= Andre Filipe Desker =

Andre Filipe Desker (1826 – 9 March 1898), also known as Henry Filipe Desker, was one of the earliest butchers in Singapore and a prominent philanthropist.

==Early life==
Desker was born in Malacca to Filipe Desker and Miguelina Sekelches in 1826. He was of Eurasian descent. The surname Desker may be an anglicised form of Desquer or De Sequeira, chosen as Portuguese Eurasians were not allowed business opportunities in early 19th century Malacca.

==Career==
Desker came to Singapore in the 1840s and established Desker & Co., a butchery business on 1 June 1865. He was one of the earliest butchers on the island. It was advertised as "butchers intending to furnish residents with a regular supply of the best mutton." Situated in between Veerasamy Road and Norris Road in the 1860s, the slaughterhouse and butchery was the largest in Singapore. He owned several pens in which sheep from Australia were stored. He was "very successful" as a butcher. A correspondent with The Daily Advertiser wrote in December 1890 that his products were popular amongst those who preferred "quality to cheapness and inferiority."

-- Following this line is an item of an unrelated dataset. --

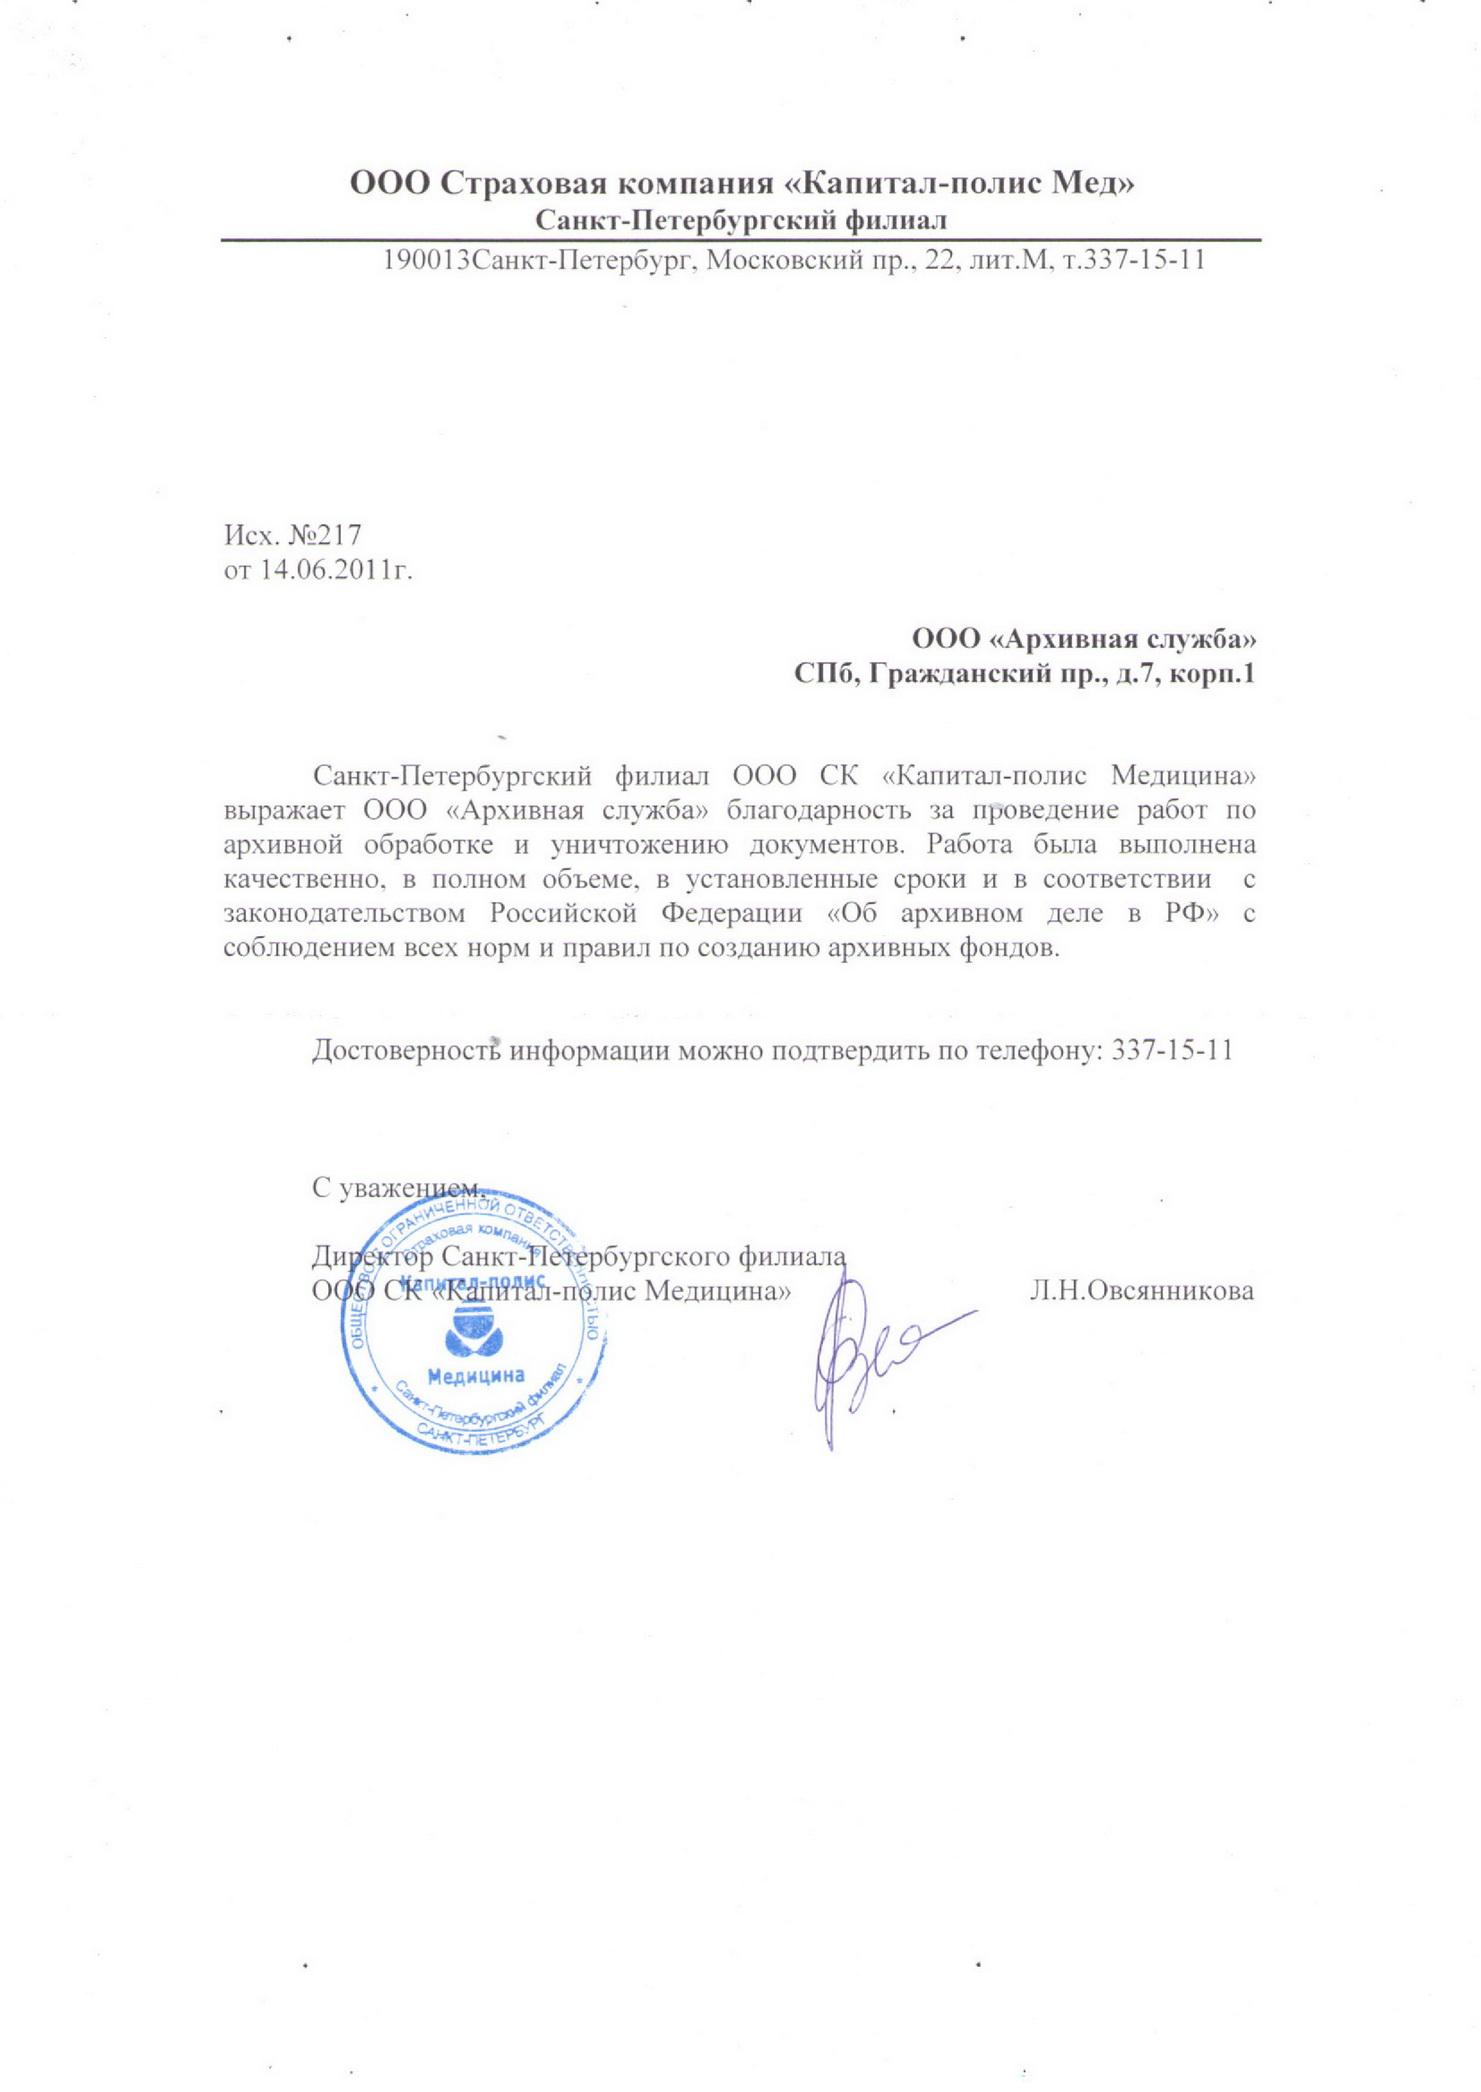 СК Капитал Полис
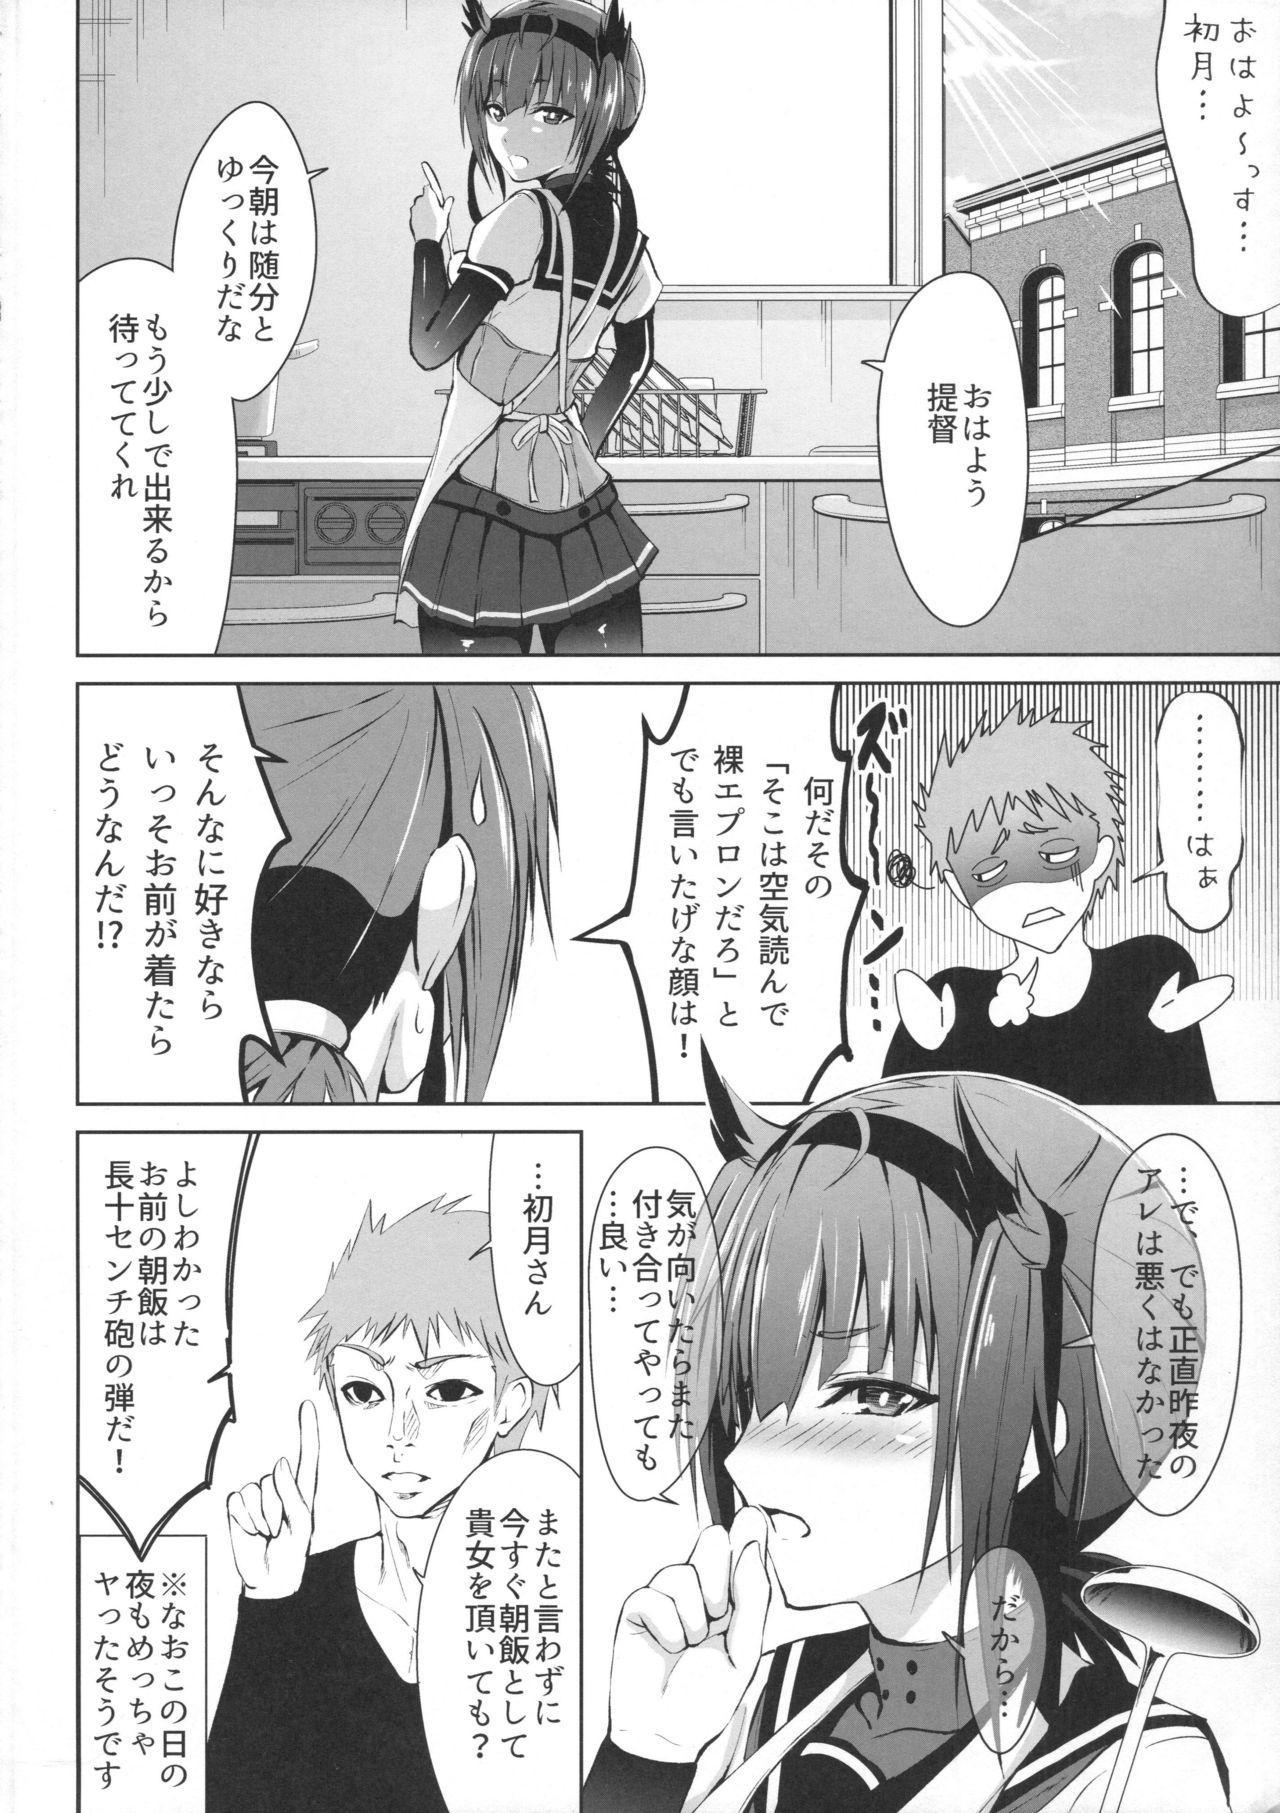 Mitsugetsu Destroyer 2 22

Desker also owned five shophouses on Lembu Road, as well as the Desker's Plantation along Changi Road, which later became the Wing Loong Estate. He built six houses each on Queen Street and Waterloo Street in the 1880s.

==Personal life and death==
Desker married Esmerelda Bruyns in 1853 in Singapore. Together, they had 13 children, including Hermogenes, the chief clerk of the Tanjong Pagar Dock Company. He lived in the area surrounding present-day Desker Road, which was named for him. His estate stretched from Cuff Road to Sungei Road, while the building in which he lived was located on Jalan Besar and demolished before the Japanese Occupation of Singapore. He was the great-grandfather of prominent diplomat Barry Desker. Desker was also a "well-known" philanthropist, donating to local Catholic schools and churches. He died on 9 March 1898 at his residence on Serangoon Road after having fallen ill two months ago.